Activity: Return an exact copy of the lines from the one holding "Aspenhome Caraway Caraway Table x 4 Sides" to the end of the data, including both the starting and final lines. Leave the pictures out.

Dataset section:
★ ★ ★ ★

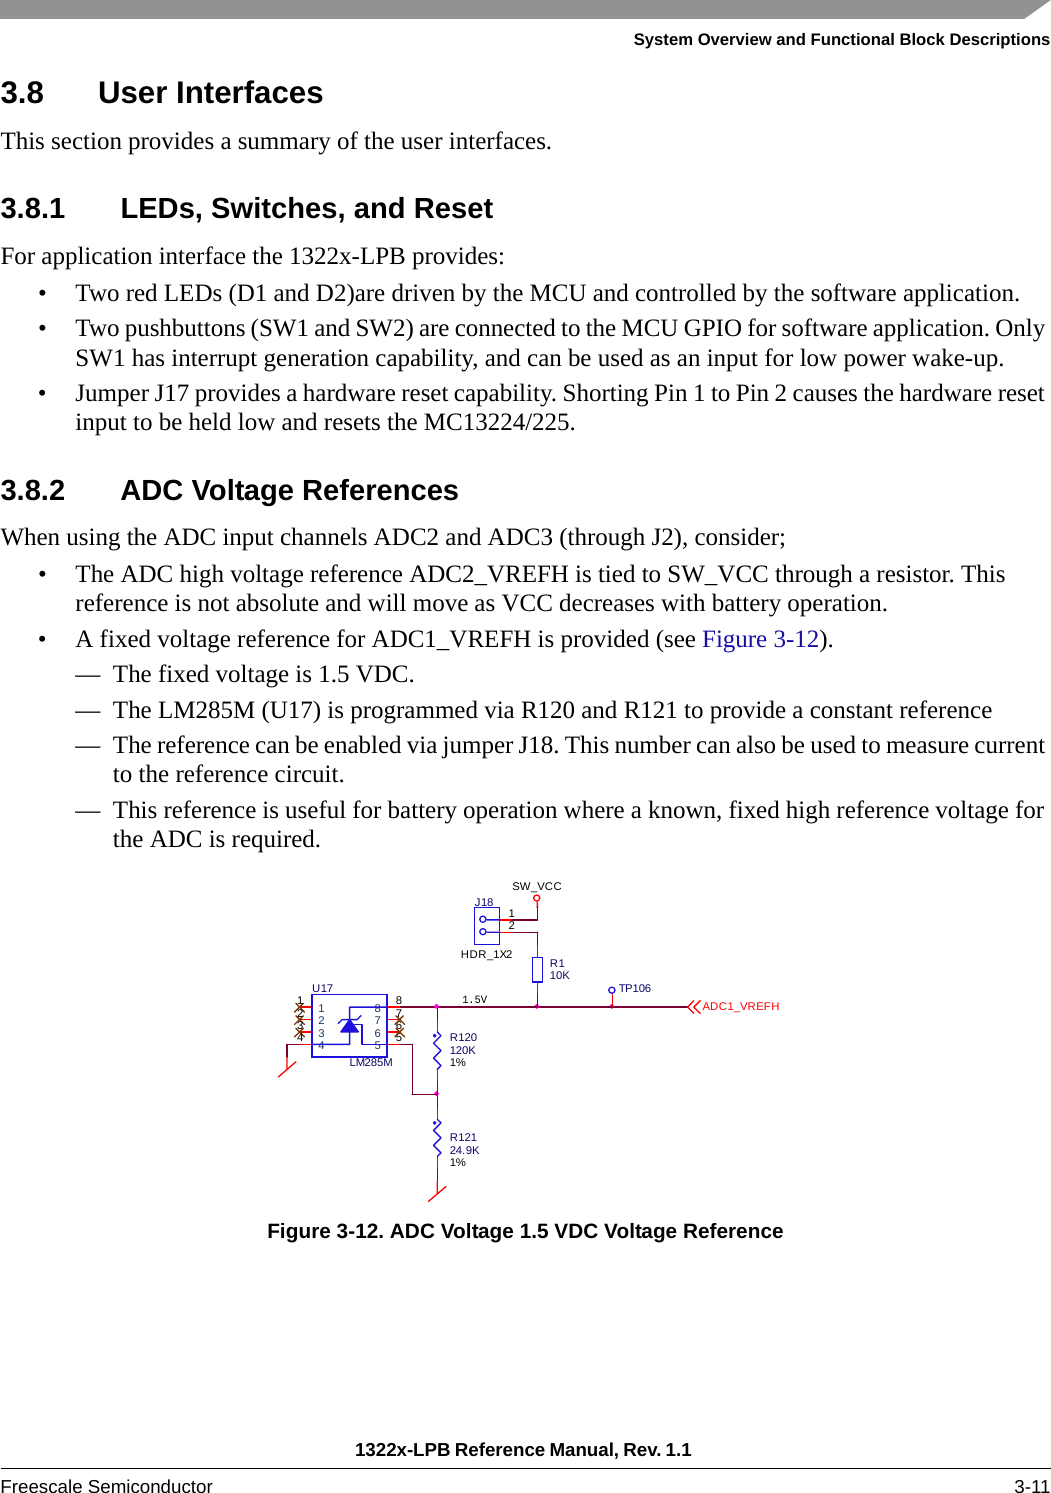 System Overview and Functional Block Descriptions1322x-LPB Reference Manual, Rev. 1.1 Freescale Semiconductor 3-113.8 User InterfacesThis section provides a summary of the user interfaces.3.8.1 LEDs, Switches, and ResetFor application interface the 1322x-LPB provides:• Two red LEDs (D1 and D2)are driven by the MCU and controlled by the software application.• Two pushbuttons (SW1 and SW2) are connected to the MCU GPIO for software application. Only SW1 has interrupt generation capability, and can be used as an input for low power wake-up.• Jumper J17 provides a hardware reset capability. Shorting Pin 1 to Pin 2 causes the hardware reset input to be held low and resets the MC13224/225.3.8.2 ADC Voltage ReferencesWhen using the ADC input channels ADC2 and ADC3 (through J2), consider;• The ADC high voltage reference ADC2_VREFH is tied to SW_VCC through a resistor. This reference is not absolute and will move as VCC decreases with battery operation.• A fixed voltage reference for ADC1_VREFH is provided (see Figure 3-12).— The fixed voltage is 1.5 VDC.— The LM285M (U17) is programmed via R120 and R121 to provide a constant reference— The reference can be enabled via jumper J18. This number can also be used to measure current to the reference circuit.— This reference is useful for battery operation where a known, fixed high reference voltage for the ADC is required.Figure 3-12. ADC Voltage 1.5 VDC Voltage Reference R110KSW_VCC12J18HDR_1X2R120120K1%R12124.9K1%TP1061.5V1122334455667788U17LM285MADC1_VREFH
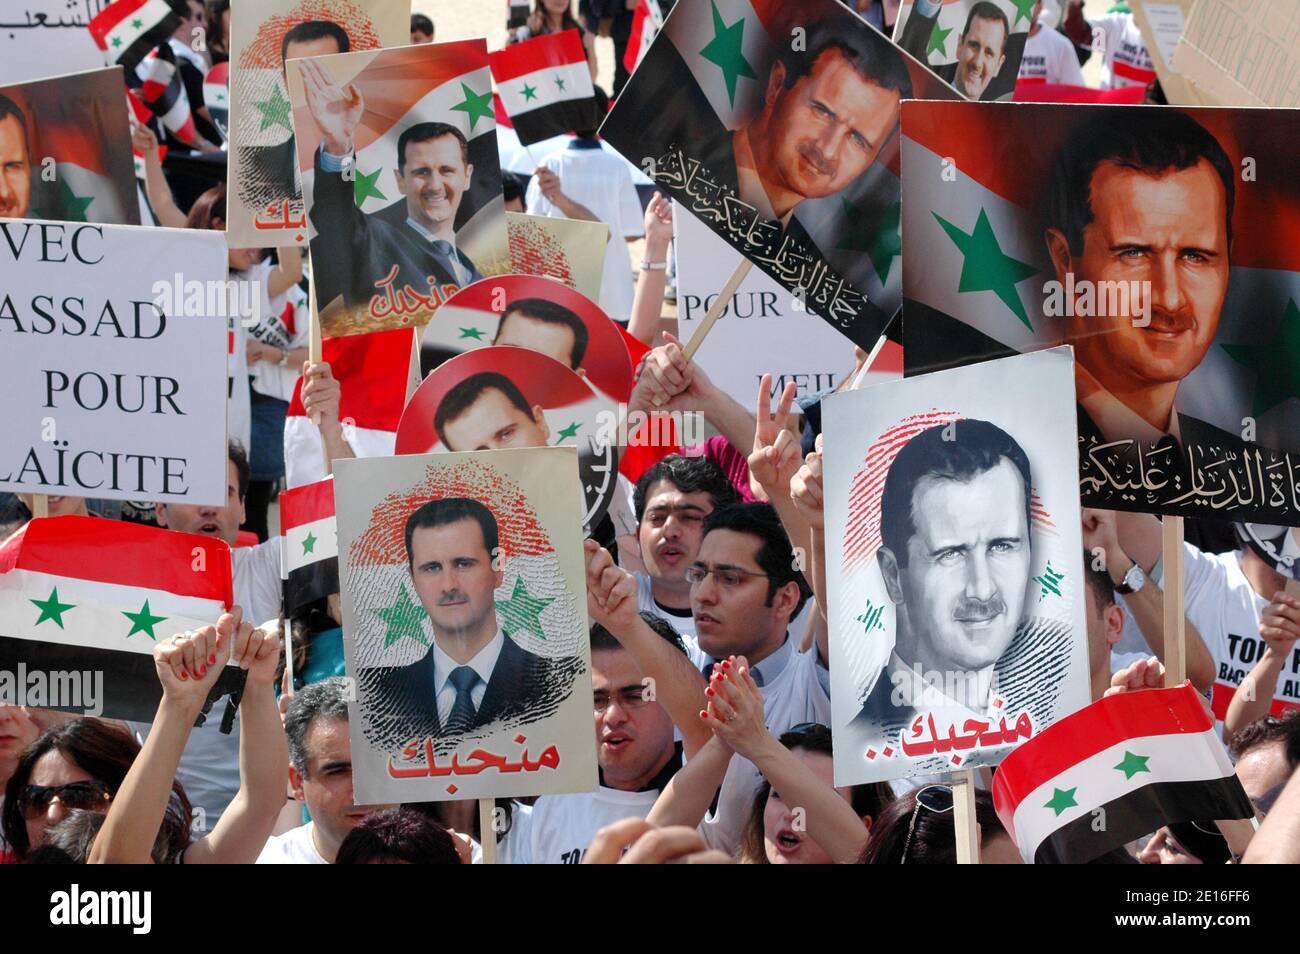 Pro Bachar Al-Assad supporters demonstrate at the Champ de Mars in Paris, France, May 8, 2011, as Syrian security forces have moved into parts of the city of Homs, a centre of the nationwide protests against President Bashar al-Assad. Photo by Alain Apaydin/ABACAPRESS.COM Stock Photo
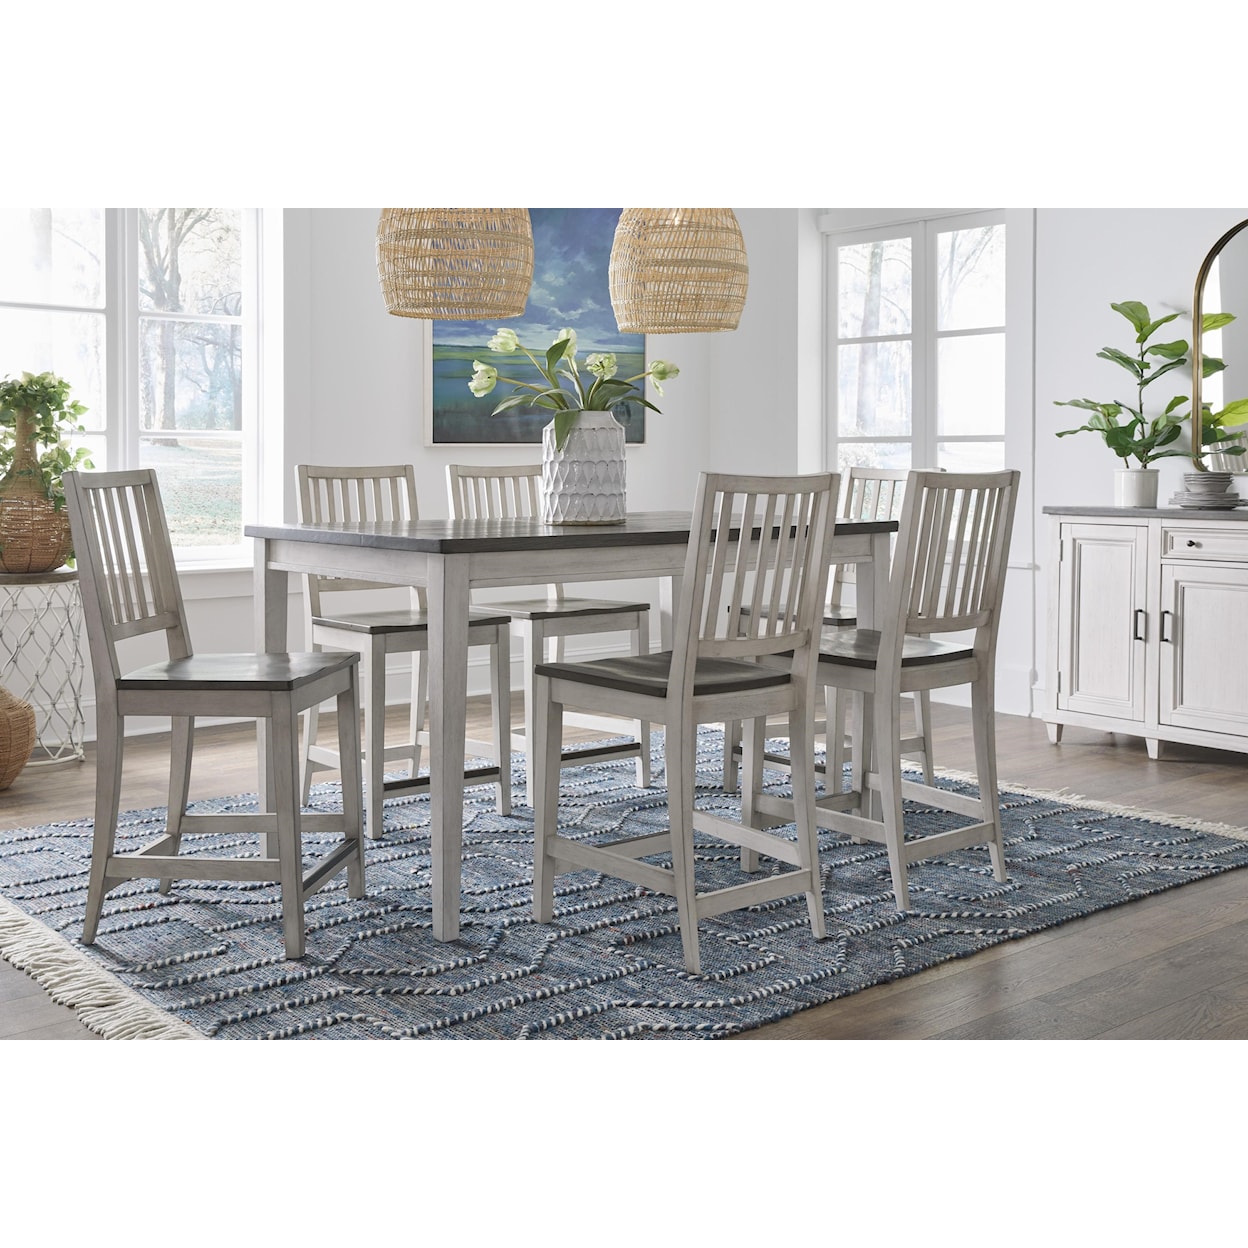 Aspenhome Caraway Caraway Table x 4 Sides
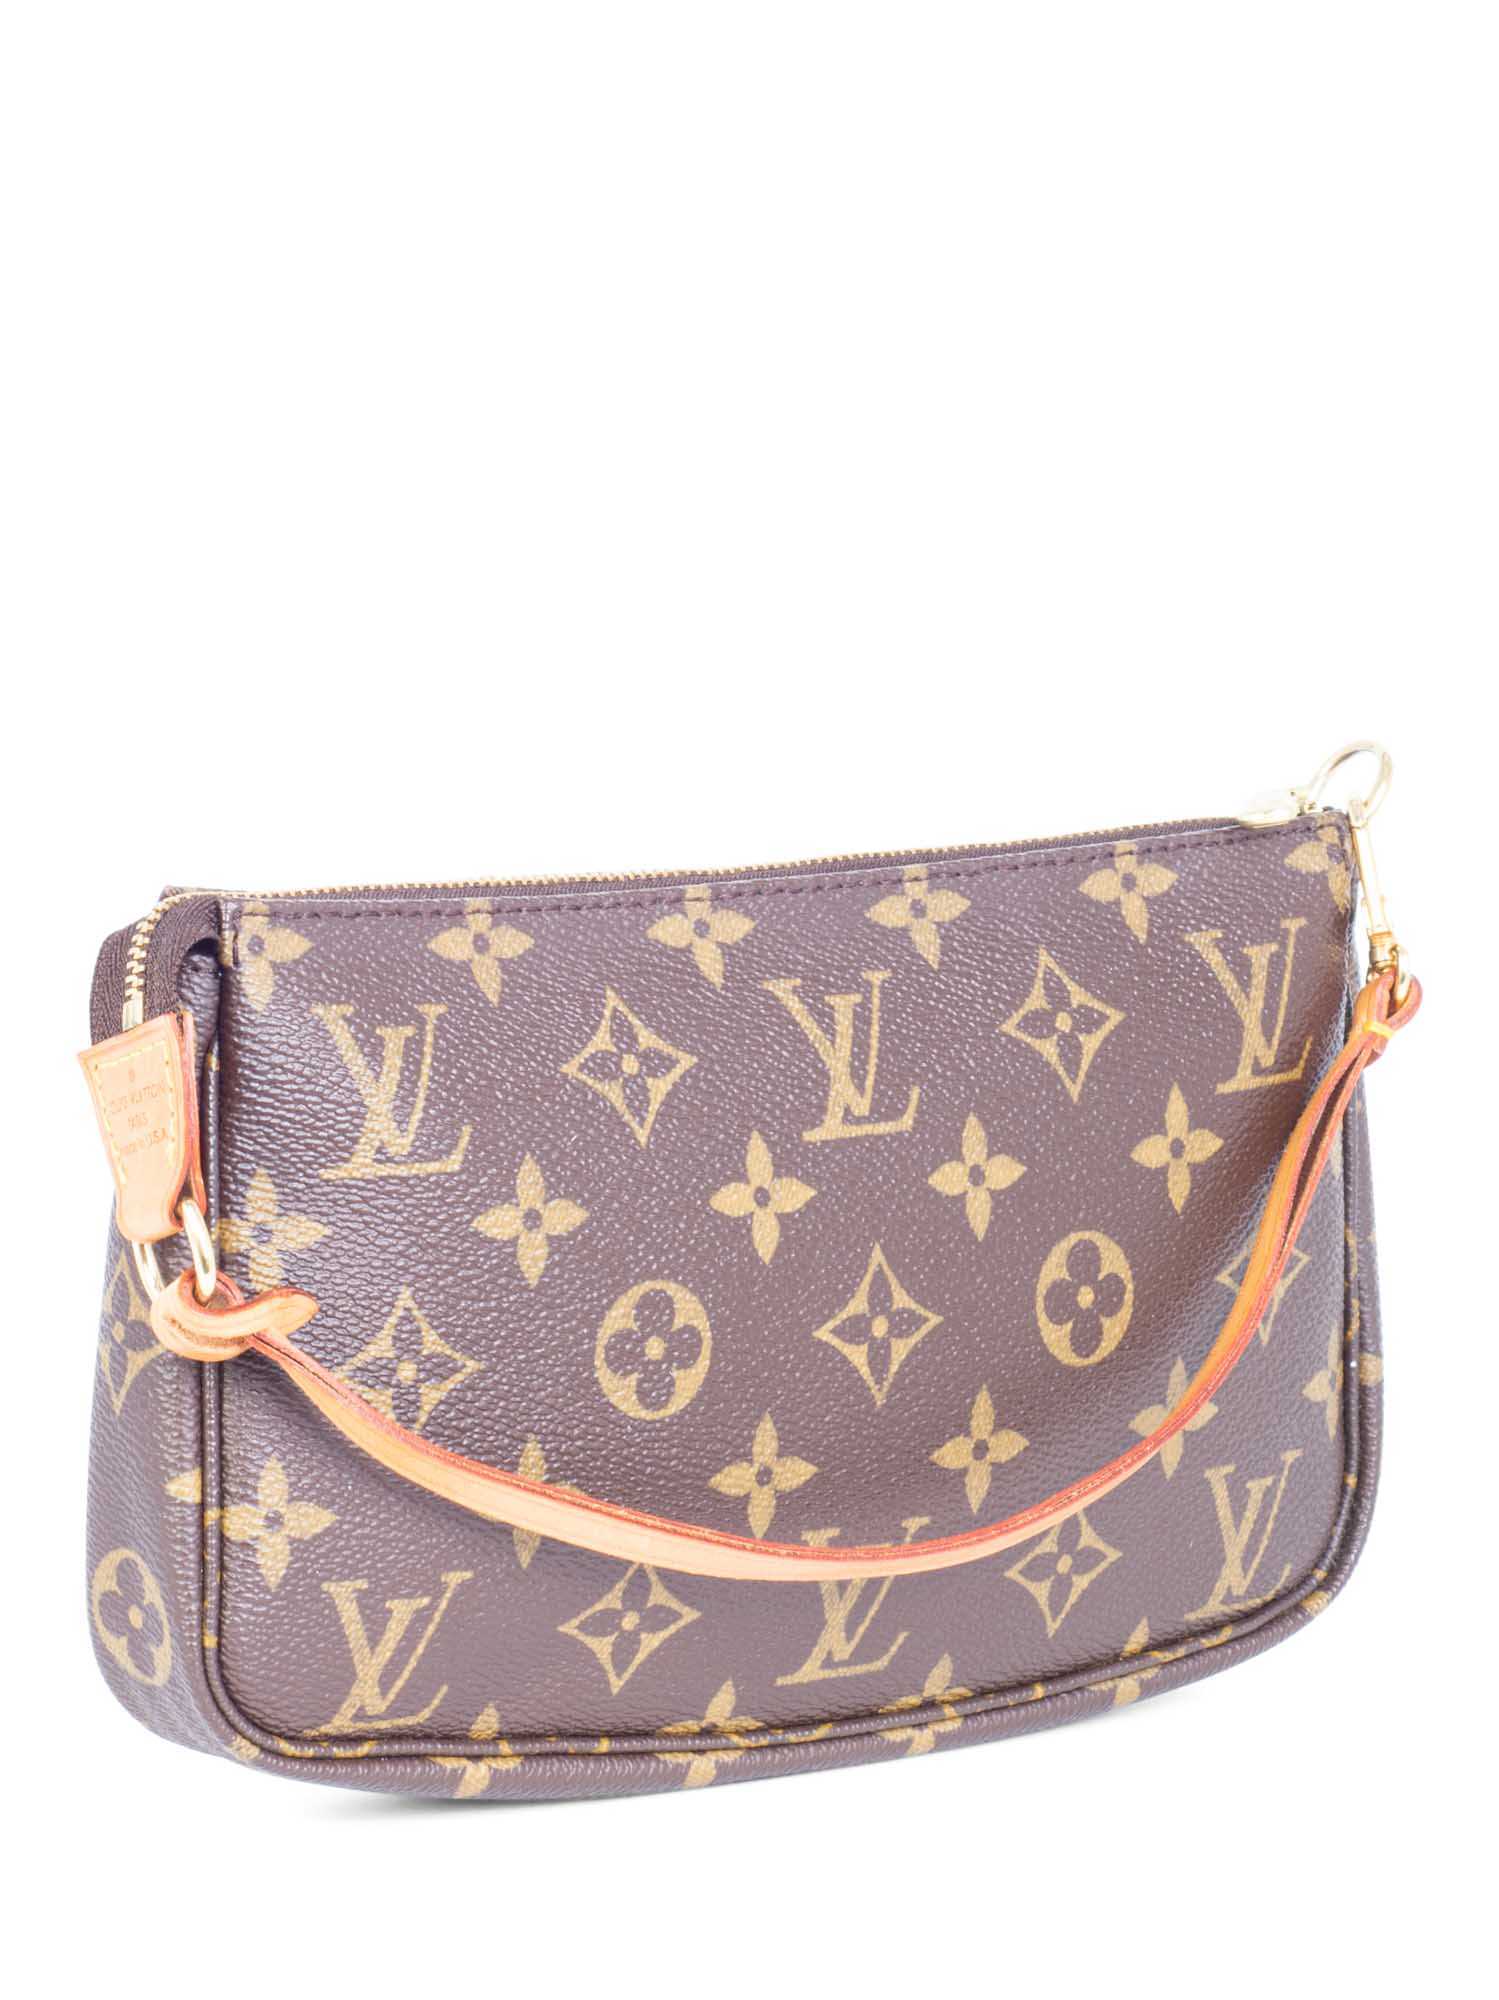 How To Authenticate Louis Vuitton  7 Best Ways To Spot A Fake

★ ★ ★ ★

Written answer:
 Aspenhome Caraway Caraway Table x 4 Sides
 How To Authenticate Louis Vuitton  7 Best Ways To Spot A Fake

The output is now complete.